The growing competition between India and China could cause future conflict as the two highly populated nations compete for resources, but as Hoyt notes, trade between the two nations is growing rapidly.
“There’s a lot of attention paid to Indian-Chinese hostilities, but it’s also worth noting that soon China will be
India’s biggest trading partner, so there are lots of areas for engagement in that relationship,” he said.
The U.S. Navy could see itself as the buffer between these two rising powers, which Kaplan argues is more effective in the maritime domain that it would be ashore.
“The more the United States becomes a maritime hegemon, as opposed to a land-based one, the less threatening itwill seem to others,” he writes.

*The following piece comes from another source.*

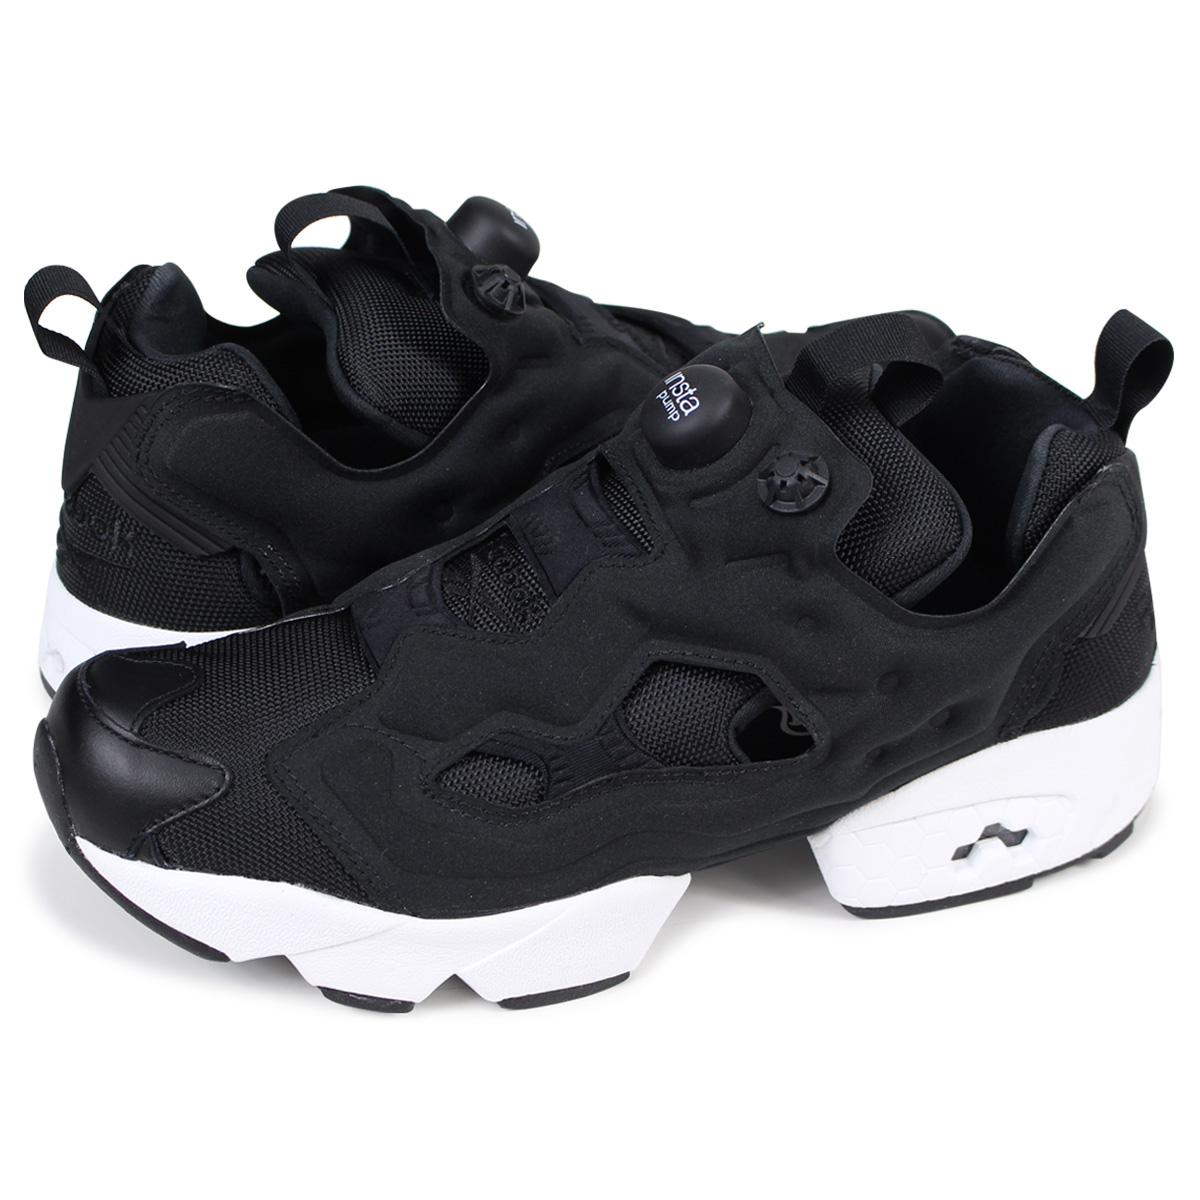 c002ea72fb8 Reebok Reebok pump fury sneakers INSTAPUMP FURY OG V65750 men s women s  shoes black
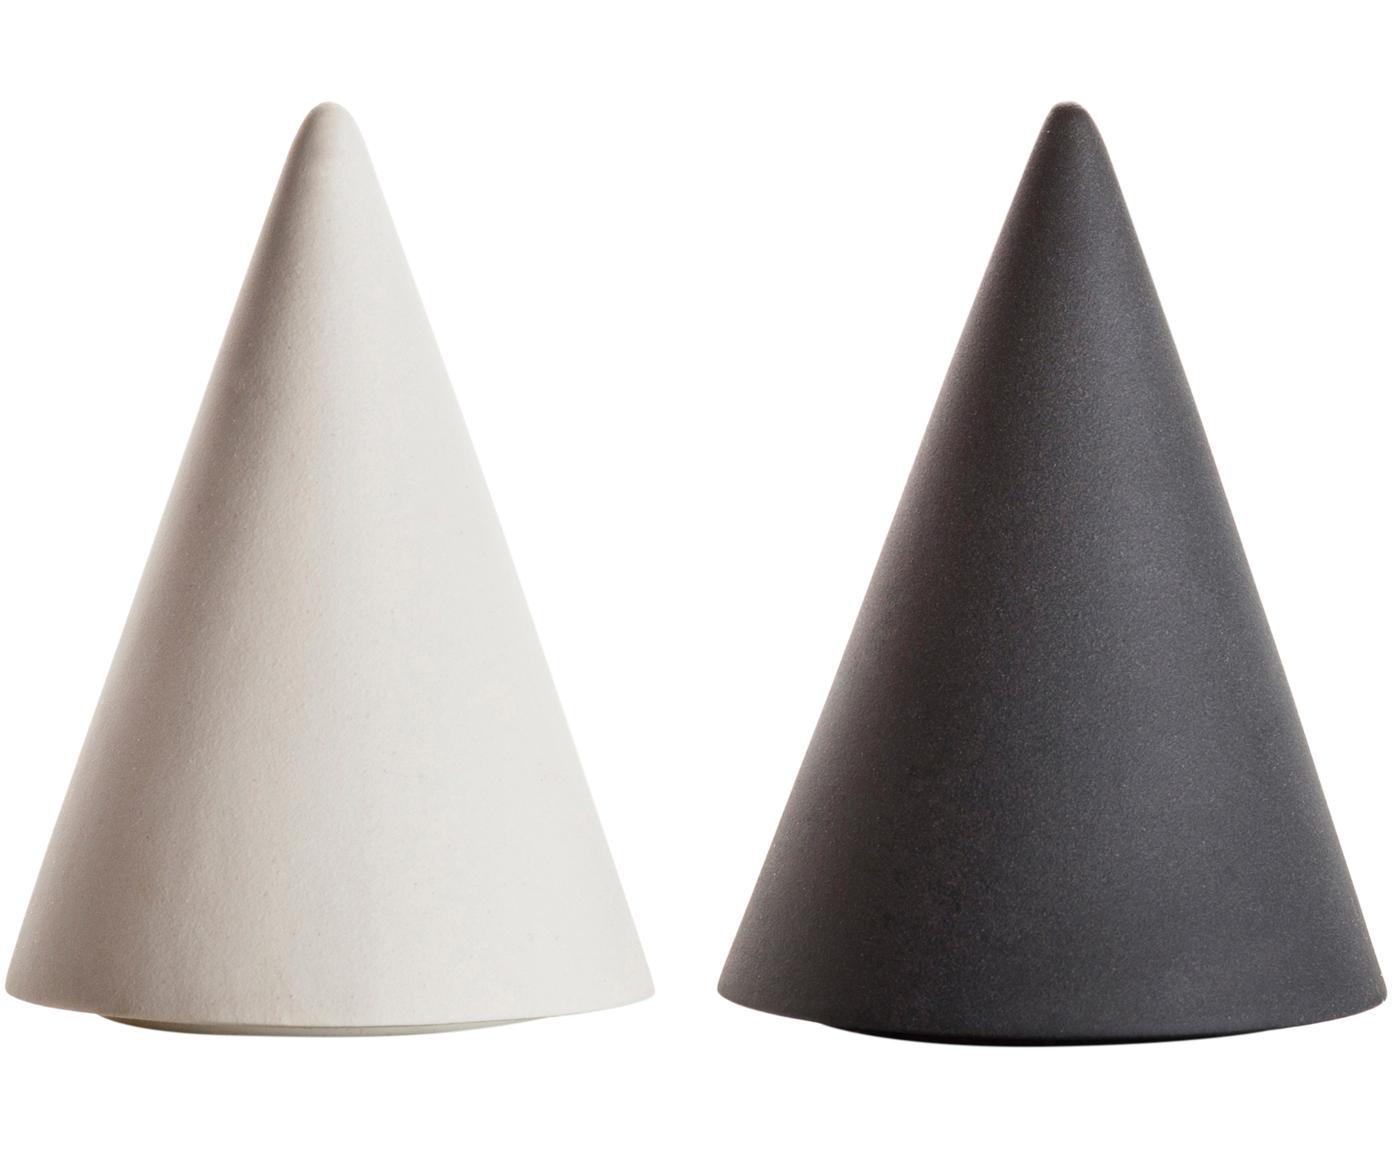 Design zout- en peperstrooier Cone, 2-delig, Porselein, siliconen, Wit, antraciet, Ø 6 x H 8 cm

“There will surely be tensions between the three navies, especially as the gaps in their relative strength begin to close,” Kaplan adds. “But even if the comparative size of the U.S. Navy decreases in the decades ahead, the United States will remain the one great power from outside the Indian Ocean region with a major presence there -- a unique position that will give it the leverage to act as a broker between India and China in their own backyard.”
The way ahead U.S. Navy capacity building and cooperation in the Indian Ocean region will prove crucial to American efforts,
Hoyt said.
“Thinking about the capacity of regional navies to be involved around Somalia is very useful because many of the navies in the region are more like coast guards,” Hoyt said. “Trying to figure out what the capacity of those navies is and how we can work with them to improve their capacity to carry out missions within the limits of their political guidance, these are things that are cheap, that create goodwill.”
In the future, the Navy must build these partnerships and serve as a “stabilizing power,” Kaplan writes. “Rather than ensure its dominance, the U.S. Navy simply needs to make itself continually useful.”
“Indispensability, rather than dominance, must be its goal,” he adds.